XPath (Perl and XML)

8.2. XPath

Imagine that you have an army of monkeys at your disposal. You say to them, "I want you to get me a banana frappe from the ice cream parlor on Massachusetts Avenue just north of Porter Square." Not being very smart monkeys, they go out and bring back every beverage they can find, leaving you to taste them all to figure out which is the one you wanted. To retrain them, you send them out to night school to learn a rudimentary language, and in a few months you repeat the request. Now the monkeys follow your directions, identify the exact item you want, and return with it.

We've just described the kind of problem XPath was designed to solve. XPath is one of the most useful technologies supporting XML. It provides an interface to find nodes in a purely descriptive way, so you don't have to write code to hunt them down yourself. You merely specify the kind of nodes that interest you and an XPath parser will retrieve them for you. Suddenly, XML goes from becoming a vast, confusing pile of nodes to a well-indexed filing cabinet of data.

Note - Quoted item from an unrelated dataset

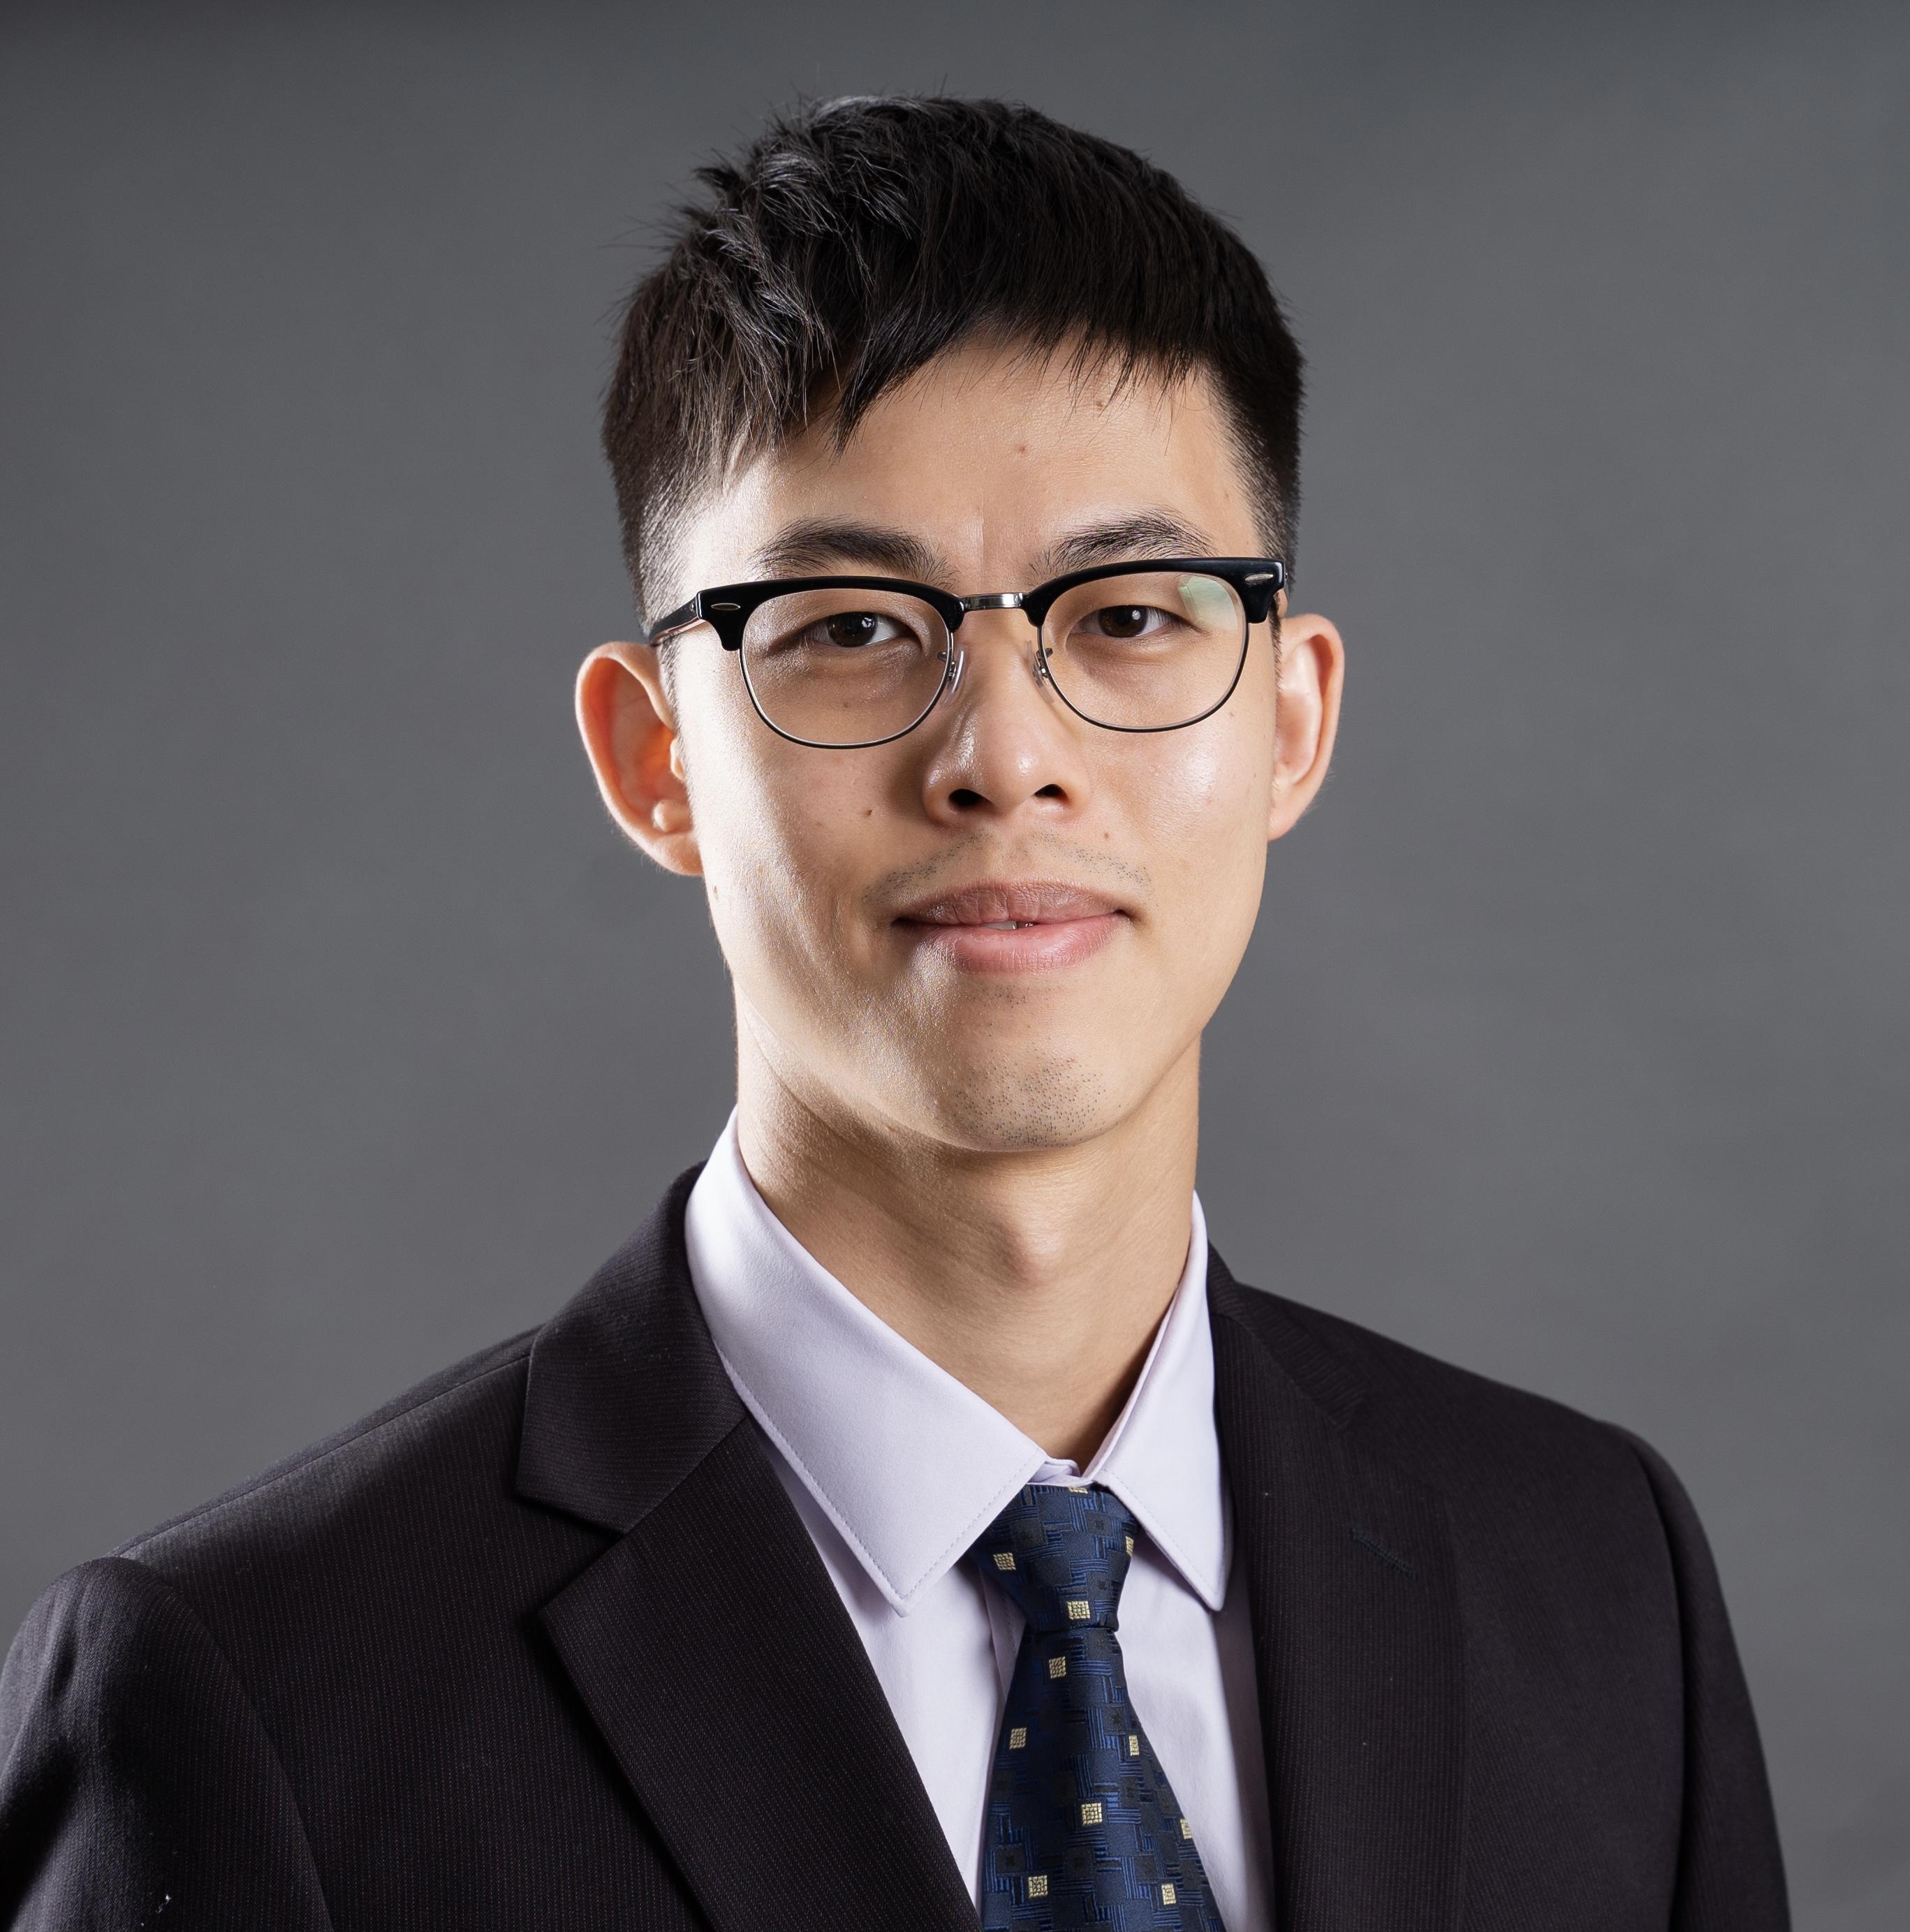 Tian Huang

Consider the XML document in Example 8-4.

Example 8-4. A preferences file

<plist>
  <dict>
    <key>DefaultDirectory</key>
    <string>/usr/local/fooby</string>
    <key>RecentDocuments</key>
    <array>
      <string>/Users/bobo/docs/menu.pdf</string>
      <string>/Users/slappy/pagoda.pdf</string>
      <string>/Library/docs/Baby.pdf</string>
    </array>
    <key>BGColor</key>
    <string>sage</string>
  </dict>
</plist>

This document is a typical preferences file for a program with a series of data keys and values. Nothing in it is too complex. To obtain the value of the key BGColor, you'd have to locate the <key> element containing the word "BGColor" and step ahead to the next element, a <string>. Finally, you would read the value of the text node inside. In DOM, you might do it as shown in Example 8-5.

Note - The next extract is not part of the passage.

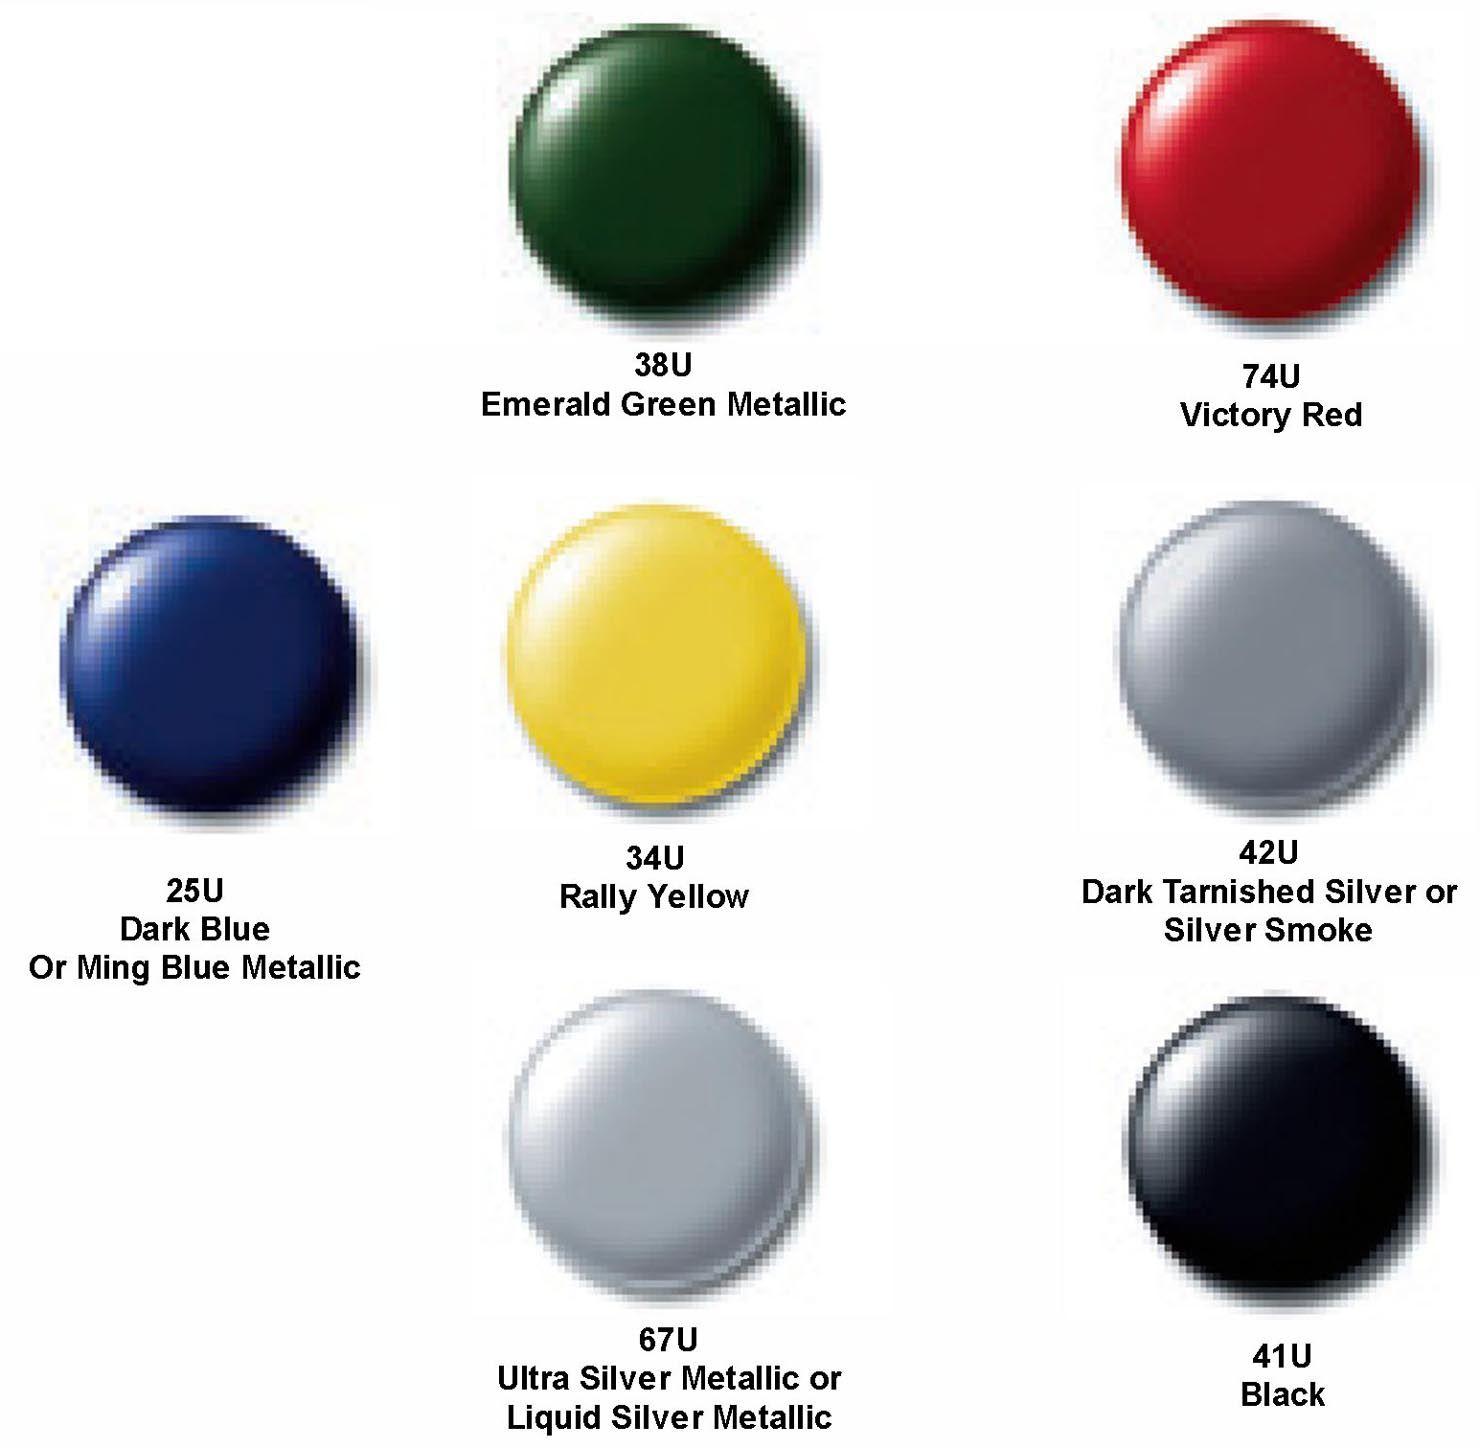 Gm Color Chips Color Chip Of All 7 Colors Auto Paint Colors Codes Pinterest Auto Paint

Example 8-5. Program to get a preferred color

sub get_bgcolor {
    my @keys = $doc->getElementsByTagName( 'key' );
    foreach my $key ( @keys ) {
        if( $key->getFirstChild->getData eq 'BGColor' ) {
            return $key->getNextSibling->getData;
        }
    }
    return;
}

Writing one routine like this isn't too bad, but imagine if you had to do hundreds of queries like it. And this program was for a relatively simple document -- imagine how complex the code could be for one that was many levels deep. It would be nice to have a shorthand way of doing the same thing, say, on one line of code. Such a syntax would be much easier to read, write, and debug. This is where XPath comes in.

XPath is a language for expressing a path to a node or set of nodes anywhere in a document. It's simple, expressive, and standard (backed by the W3C, the folks who brought you XML).[28] You'll see it used in XSLT for matching rules to nodes, and in XPointer, a technology for linking XML documents to resources. You can also find it in many Perl modules, as we'll show you soon.

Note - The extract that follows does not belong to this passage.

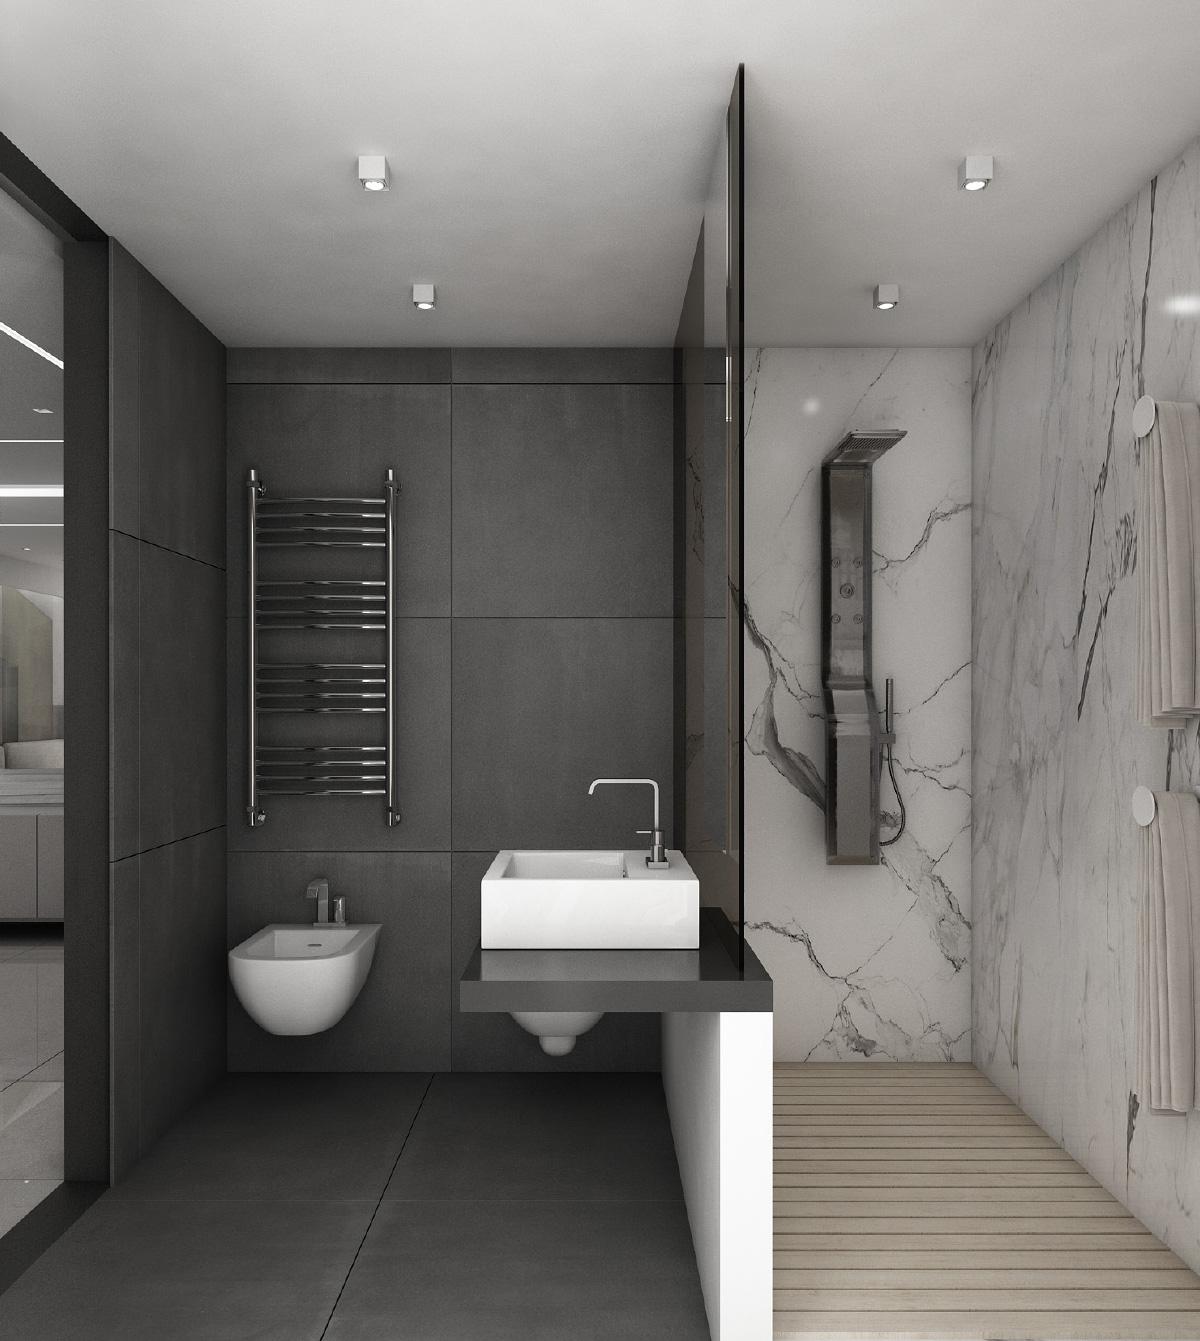 interior_1_2

[28]The recommendation is on the Web at http://www.w3.org/TR/xpath.html.

An XPath expression is called a location path and consists of some number of path steps that extend the path a little bit closer to the goal. Starting from an absolute, known position (for example, the root of the document), the steps "walk" across the document tree to arrive at a node or set of nodes. The syntax looks much like a filesystem path, with steps separated by slash characters (/).

This location path shows how to find that color value in our last example:

/plist/dict/key[text()='BGColor']/following-sibling::*[1]/text( )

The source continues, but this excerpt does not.